Privacy design is often treated as inherently open-ended and deeply contextual. Small shifts in context—who requests data, for what purpose, under what stakes, and with what downstream sharing—can flip whether a data practice feels appropriate. While this captures a real phenomenon, it has also left us with privacy frameworks that are too abstract and generic to operationalize for developers without specialized privacy expertise.

In this talk, we explore methods to significantly lower the barrier of privacy risk assessment for developers. We argue that privacy design is more structured than it appears: many recurring privacy-relevant decisions can be captured using a structured, closed-ended representation. By constructing such a representation, we can transform a significant portion of open-ended privacy design into a closed-ended task.

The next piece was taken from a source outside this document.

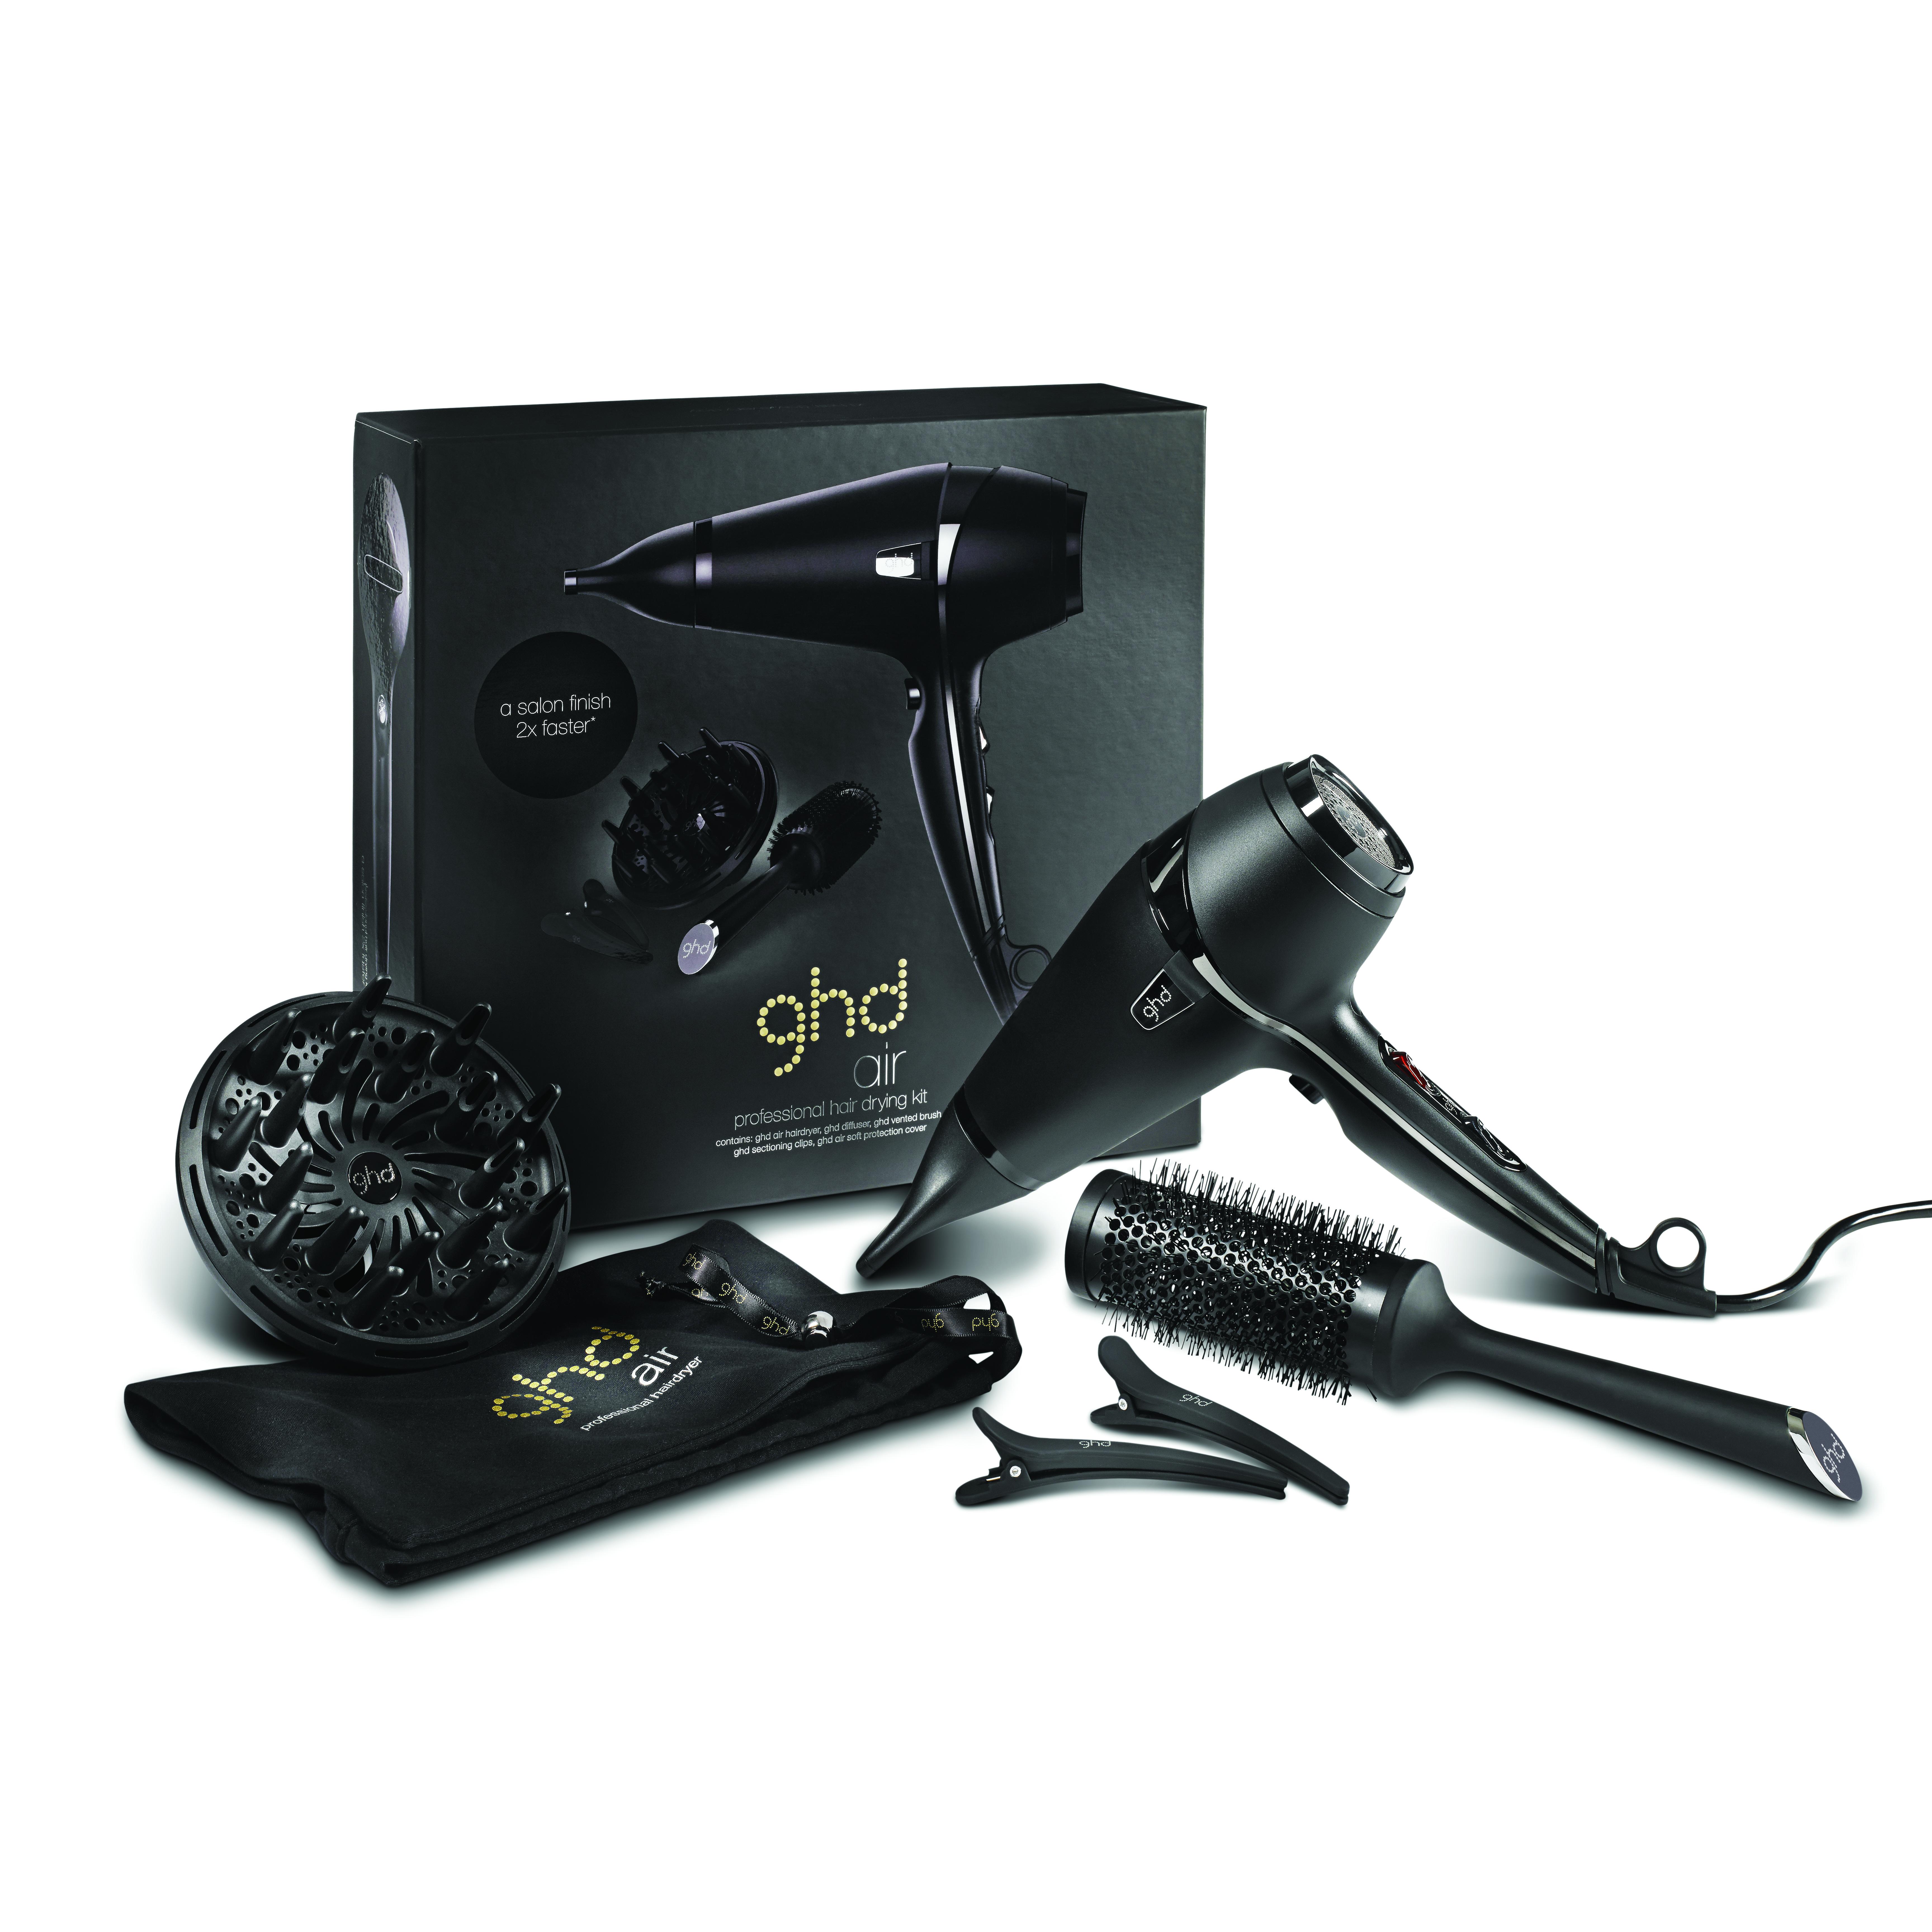 Фен для сушки и укладки волос GHD Air Hairdryer 2100 W в наборе (фен с соплом + насадка диффузор, керамическая круглая щетка, 2 зажима, мягкая сумка)

We operationalize this through PrivacyAkinator, an interactive tool that guides developers through key privacy design decisions via LLM-generated multiple-choice questions. By grounding privacy assessment in a structured representation of the privacy design space, PrivacyAkinator transforms privacy design from ad-hoc decision-making into systematic, auditable design support.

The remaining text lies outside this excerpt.